If you’re looking to move off Notion, you have options. Real ones. Here are the 5 open-source, self-hostable alternatives I’ve tested, with honest notes on what each does well and where each falls short.
Why leave Notion?
- Notion pricing scales badly once you add teammates ($10/user/mo).
- Your notes and databases live on their servers with proprietary export.
- Notion AI adds another $8/mo per user for features you can run locally.
The 5 best self-hosted alternatives to Notion
AppFlowy
The closest look-alike to Notion. Databases, kanban, docs — all self-hosted or local desktop.
Visit AppFlowy website →AFFiNE
Whiteboard-first alternative. Feels closer to Miro + Notion combined. Rapid dev pace.
Visit AFFiNE website →Trilium Notes
Hierarchical notes with a serious engineering vibe. Best for personal knowledge bases.
Visit Trilium Notes website →Outline
Team-focused wiki. Cleaner than Confluence, closer to a hosted product feel.
Visit Outline website →SilverBullet
Markdown-native personal wiki with a scriptable plugin system.

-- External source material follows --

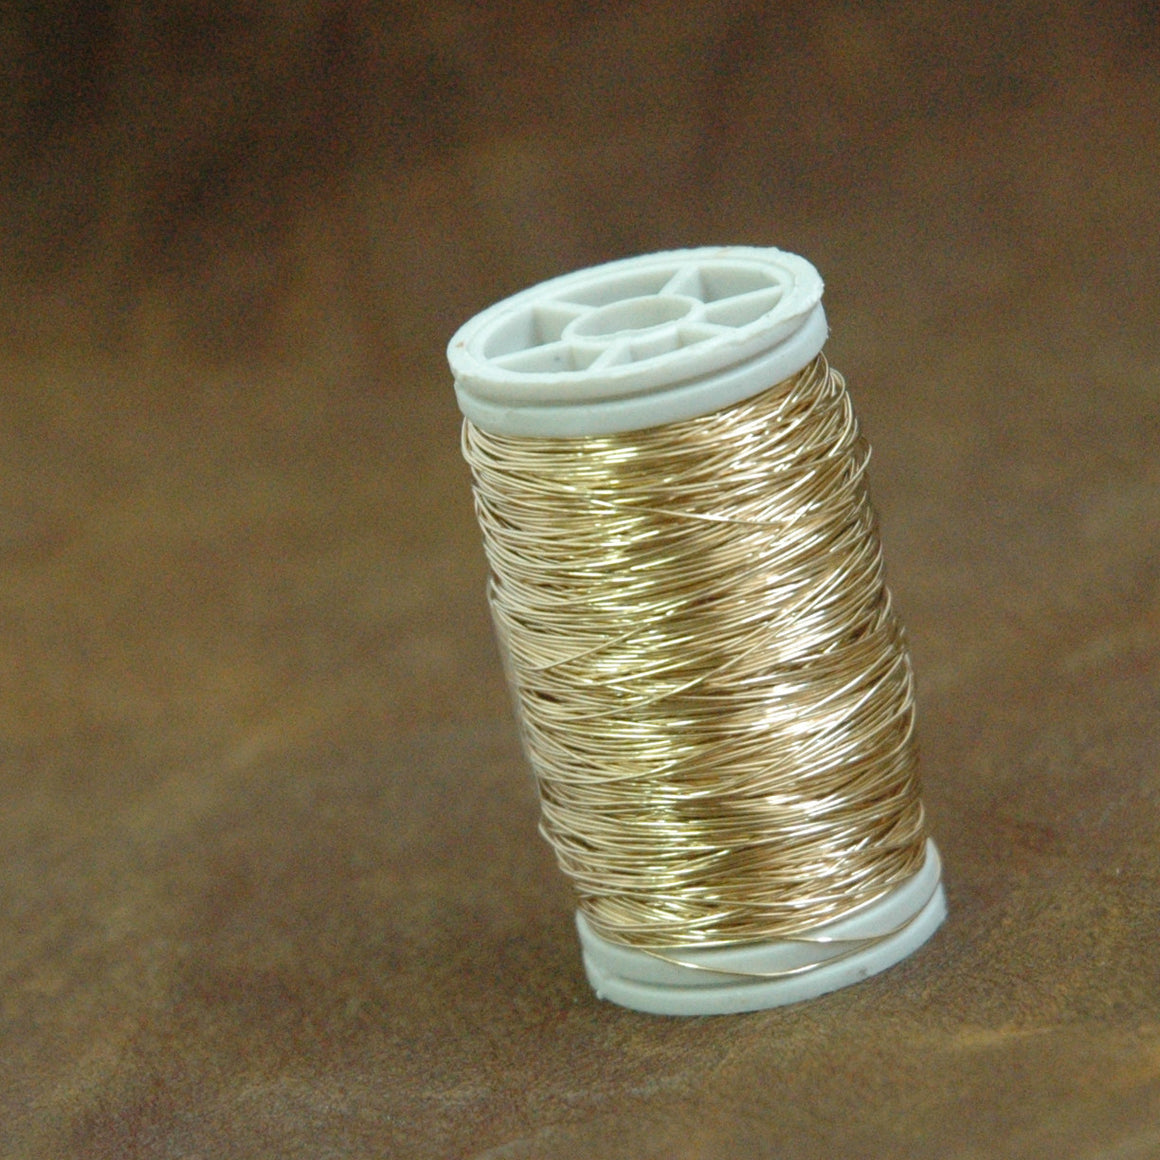 Gold filled wire , dead soft gold filled , 28gauge , wire crochet supplies, gold wire, 80ft 26 yard - Yooladesign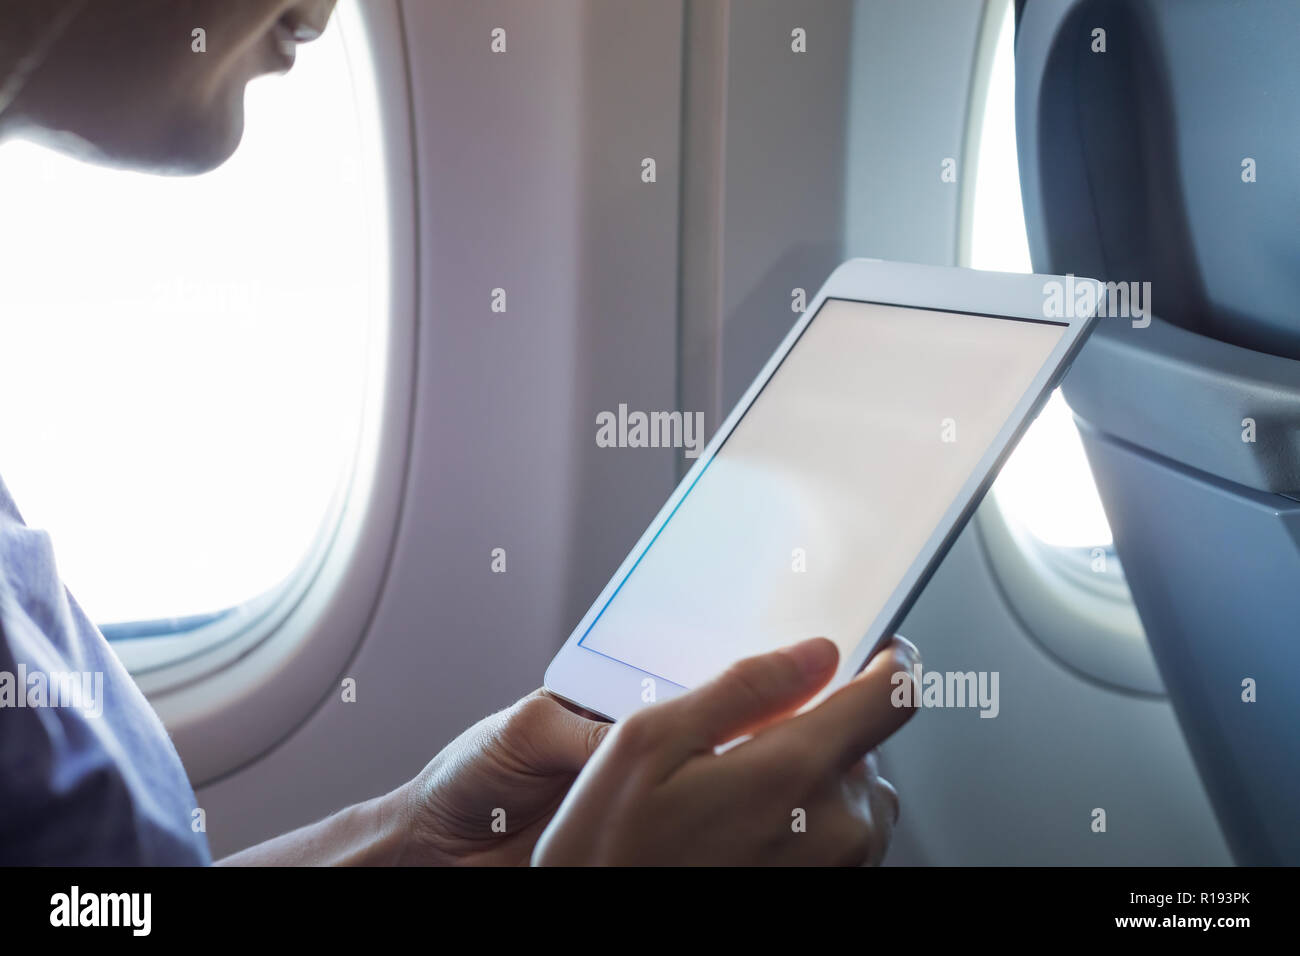 Passenger using tablet computer in airplane cabin during flight with wireless internet to read emails or an ebook, hands holding device with white emp Stock Photo

Visit SilverBullet website →Quick comparison
| Alternative | Difficulty | License |
|---|---|---|
| AppFlowy | Easy | AGPL-3.0 |
| AFFiNE | Medium | MIT |
| Trilium Notes | Medium | AGPL-3.0 |
| Outline | Medium | BSL-1.1 |
| SilverBullet | Medium | MIT |
Frequently asked questions
Is there a free alternative to Notion?
Yes. Every tool listed above is free and open source. Some, like AppFlowy, also have optional paid hosted tiers if you don’t want to run the server yourself. Everything else is genuinely free to self-host — you pay only for your own hardware and time.
Which one should I pick if I’ve never self-hosted anything before?
Start with AppFlowy. It’s the lowest-friction option here — realistic to have running in an afternoon on a small server or Raspberry Pi. If it doesn’t fit your workflow, AFFiNE is a good second try.
Can I run these on a Raspberry Pi?
Most of them, yes — the tools marked Easy here will comfortably run on a Pi 4 or Pi 5 with 4GB+ of RAM. The Medium tools may work but appreciate a mini PC or a spare desktop. Hard-tagged tools generally want real server hardware.
What about mobile apps?
It varies. Tools like Vaultwarden and Immich have native iOS/Android apps that connect to your server. Others rely on the web UI through your phone browser — fine for occasional use, not a full app experience.